Также значима работа с родственниками, которая также оказывается в эмоционально напряженной ситуации и им необходимы разъяснения процессуальных принципов, не раскрывая существо дела сверх минимума, с которым я могу их ознакомить. Впрочем, со всеми основными материалами дела их ознакомил адвокат по назначению, да и по личным контактам (в СК и ИДН есть одноклассницы родственников, которые охотно делились с ними подробностями).

На самой первой консультации я ей поставил задачу восстановить и обеспечить психологический контакт с мамой ее внучки — потерпевшей. Но, увы, желание защитить своего сына пересилило мои инструкции. Скандал с потерпевшими полностью разрушили возможность как-то компенсировать моральный вред и тем самым смягчить позицию обвинения. Впрочем, это случилось до моего входа в дело. что я не преминул подчеркнуть в суде на судебном допросе мамы потерпевшей.

Обычно эта составляющая часто остается «за кадром», но без нее невозможно обеспечить целостность и эффективность выбранной линии защиты.

Как я писал в одной из своих статей: «Почему “добровольные” признания почти никогда не бывают добровольными». Клиент — домашний, несудимый мужчина 40 лет — был сломлен.

Оперативная работа сделала своё: «Допрос — это всегда форма насилия. Дыба, кнут и раскалённые клещи остались в учебниках истории, но психологическое давление, усталость, дезориентация — никуда не делись». Он дал показания, которые стали фундаментом обвинения. А в камере на него тут же повесили клеймо, жить с которым невыносимо тяжело.

Первая задача: стать «нянькой».
Это не метафора. Подзащитный был подавлен, его версия событий скатывалась в обвинения дочери в «ЛГБТ-поведении» и прочую ерунду, которую я всеми силами пресекал. Моя работа началась не с кодексов, а с психологической поддержки.

Я ездил в СИЗО не только по процессуальной необходимости. Как я отмечал раньше, такие поездки — «чтобы вытереть сопли, объяснить, как себя вести в камере» — это отдельная часть работы, которую делает не каждый. Его мама героически таскала «грев» на пол-СИЗО: от сигарет до постельного белья.

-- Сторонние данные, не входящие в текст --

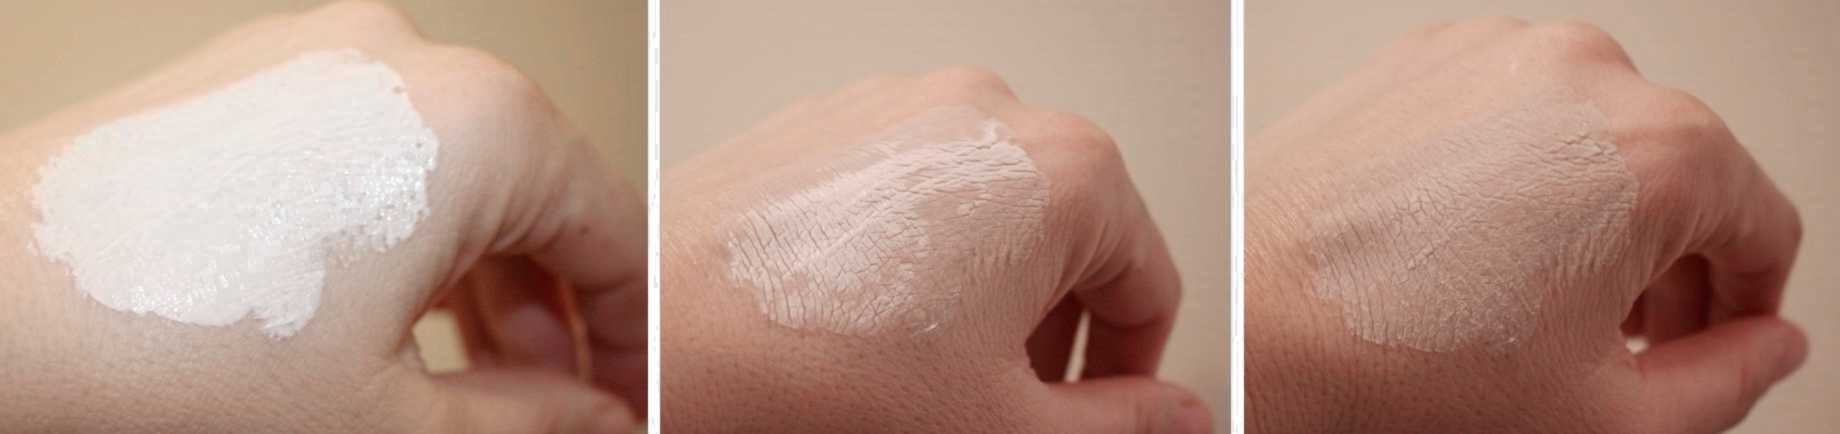 Sukin Detoxifying Clay Masque Drying Effect

Мы стали для него единственной связью с адекватным миром.

Вторая задача: выстроить тактику «сдерживания».
Когда обвинение имеет на руках признание и хочет «пожизненного», цель защиты — не выиграть всё (это иллюзия), а минимизировать ущерб. Не дать частному признанию стать доказательством по всем эпизодам. Не позволить квалификации катиться до ч.5 ст. 132 УК РФ.

Мы провели 11 полноценных судебных заседаний. Это не бюрократия. Это стратегия. Как я считаю, чем больше заседаний, тем глубже судья (несмотря на обвинительный уклон) вынужден вникать в дело, видеть его слабые стороны, сомневаться. Мы методично били:

1.По процессуальным нарушениям: допросы несовершеннолетних без видео, «отказы», оформленные задним числом, экспертизы «ни о чем».

2.По вопиющим противоречиям в поведении второй потерпевшей (десятки её звонков подсудимому после «изнасилования»).

3.По полному отсутствию вещдоков по «порнографии» (ст. 242 УК РФ).

Третья задача: вести за руку.
Перед каждым заседанием — подробный инструктаж: что будет, как себя вести, что говорить. После — разбор полётов. Я запрещал ему любую «самодеятельность», о опасности которой писал: «Ваши записи и объяснения могут быть восприняты как отсутствие раскаяния или попытка переложить вину… Позиция разрушена -  наказание приближается к максимуму».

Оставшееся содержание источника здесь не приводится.